Life insurance can seem like a complex topic – the product descriptions alone can sound like a foreign language. But the basics of life insurance aren’t difficult to understand.
The primary purpose of all life insurance is to provide a benefit to people you choose (called “beneficiaries”) upon your death. Typically, these are people who depend upon your income to meet their daily needs.
There are two types of life insurance – term and permanent. Term insurance covers you only for a specified time period – 10, 20 or 30 years, for example.
Permanent insurance is as it sounds – coverage that remains in place until you die. In addition, permanent life insurance can be a financial tool that can help you build wealth and a cash reserve to use during your lifetime.
Let’s look at them more closely.
What is term life insurance?
Term life insurance is a simple, relatively inexpensive way to get life insurance coverage. If you die while your coverage is in force, your beneficiaries get the payout. If you don't, the policy stays in force until the end of the term.
For simplicity’s sake, think of term life insurance like renting an apartment. There are a lot of similarities:
- You plan to use it only for a limited period of time
- It’s often less expensive than purchasing
- You don't build equity
- At the end of the lease term, it’s gone
It may seem odd that anyone would purchase life insurance that ends after 10, 20 or 30 years, but there are circumstances in which it makes sense. For example:
- If you’re young, you may want simple, inexpensive coverage just to pay off debts, leave money to your significant other, or absorb funeral costs.
- If you’re fiscally minded, you may want to lock in a 20- or 30-year premium at a relatively low rate while you’re still young and healthy.
- If you’re in the final decade of your career, you may want coverage in an amount that would replace lost income if you pass away, enabling your spouse to still achieve retirement goals.
What is permanent life insurance?
Permanent life insurance provides protection for your entire life – it doesn’t expire like term life insurance.

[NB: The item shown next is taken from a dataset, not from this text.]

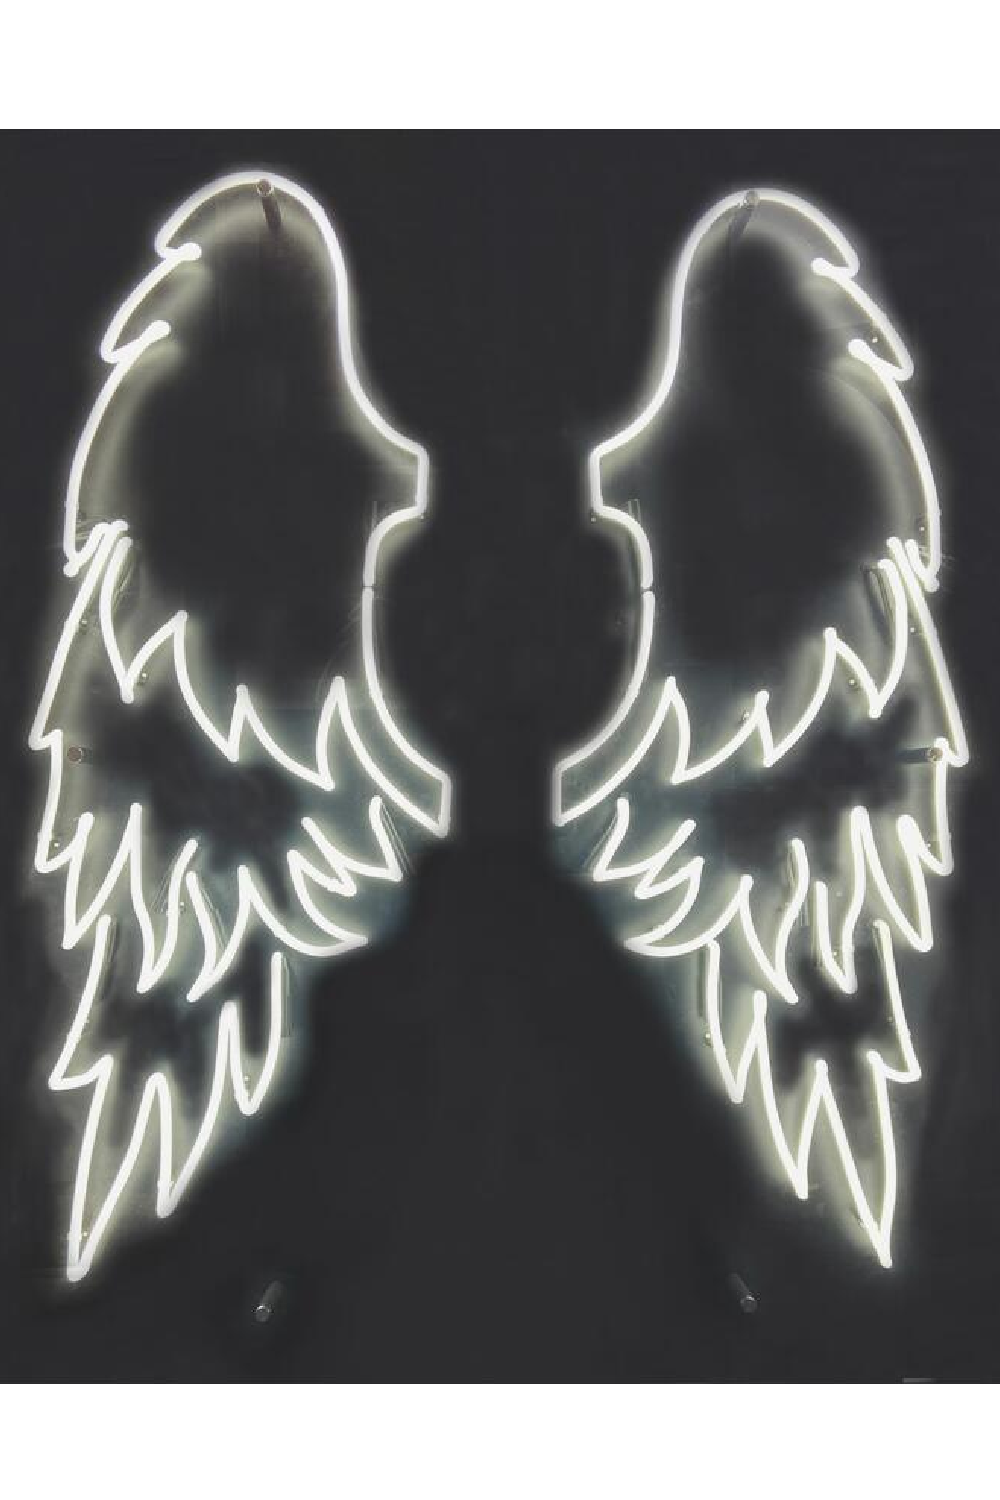 3D White Wings Neon Artwork | Andrew Martin My Angel | OROA

If term life is an apartment you rent, permanent life insurance is the home you purchase and plan to keep for the rest of your life. Here are some similarities:
- You own it for life, as long as you pay your premium.

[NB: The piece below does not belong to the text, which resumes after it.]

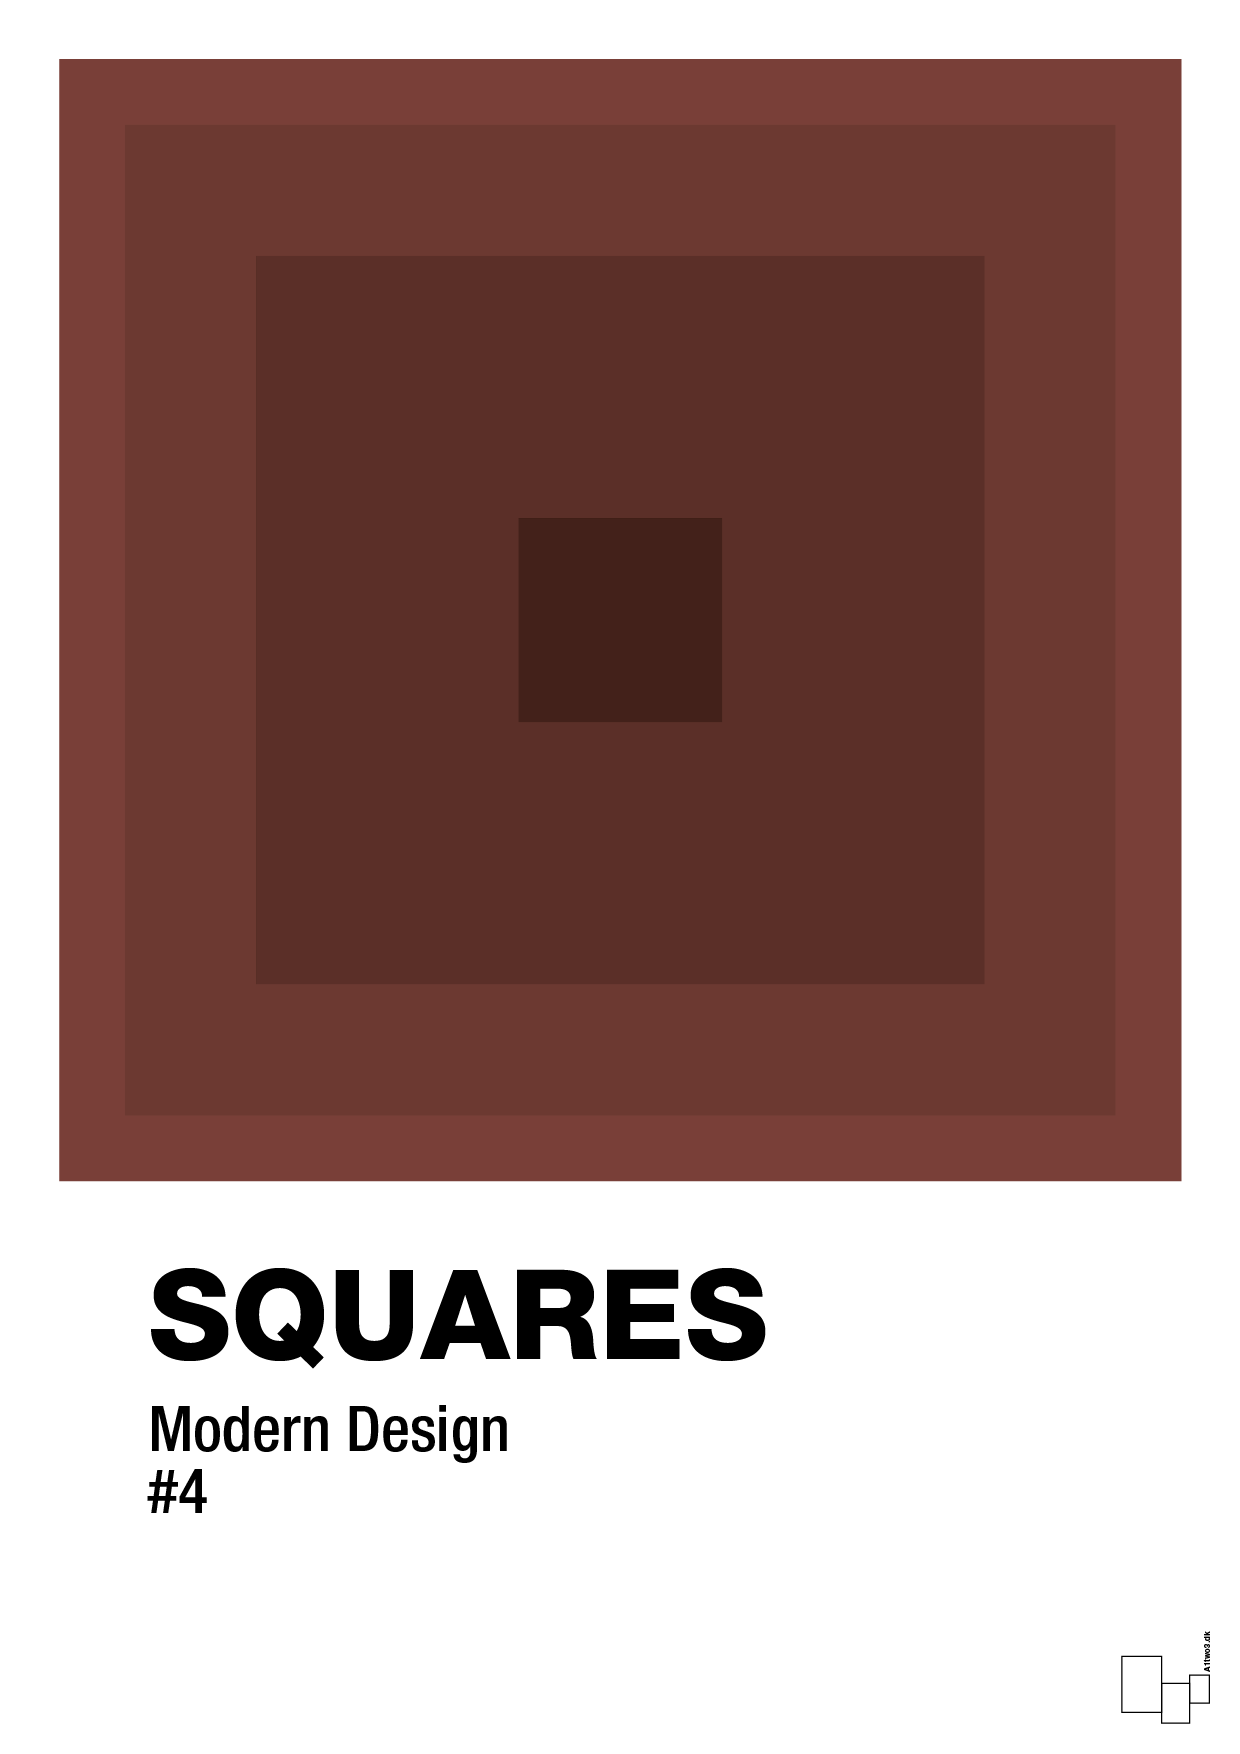 squares #4 - Plakat med Grafik i Red Pepper

- You typically pay more for it.
- It has equity (called cash value) that grows over time.
- It’s an asset you can borrow against.
- It will benefit your loved ones in the future.
Permanent life insurance is generally more expensive than term insurance, but you can put it to use as a financial tool during your lifetime.
For example, it holds a cash value that you can withdraw, borrow against or list as an asset when you are applying for credit. Many people use the cash value at crucial times – to help pay for college or as supplemental income during retirement, for example.
Permanent life insurance comes in a variety of types and options. When you start to hear terms like fixed, flexible, whole, universal – they all fall under the permanent life insurance category.
In addition to choosing the type of insurance you need, determining the amount you need is very important. It is a good idea to meet with a financial advisor to determine the coverage that best fits your needs – now and in the future.
Please keep in mind that the primary reason to purchase a life insurance product is the death benefit.
Policy loans and withdrawals may create an adverse tax result in the event of lapse or policy surrender, and will reduce both the surrender value and death benefit. You should consult your tax advisor when considering taking a policy loan.
Life insurance products contain fees, such as mortality and expense charges (which may increase over time), and may contain restrictions, such as surrender periods.
Depending upon actual policy experience, the owner may need to increase premium payments to keep the policy in force.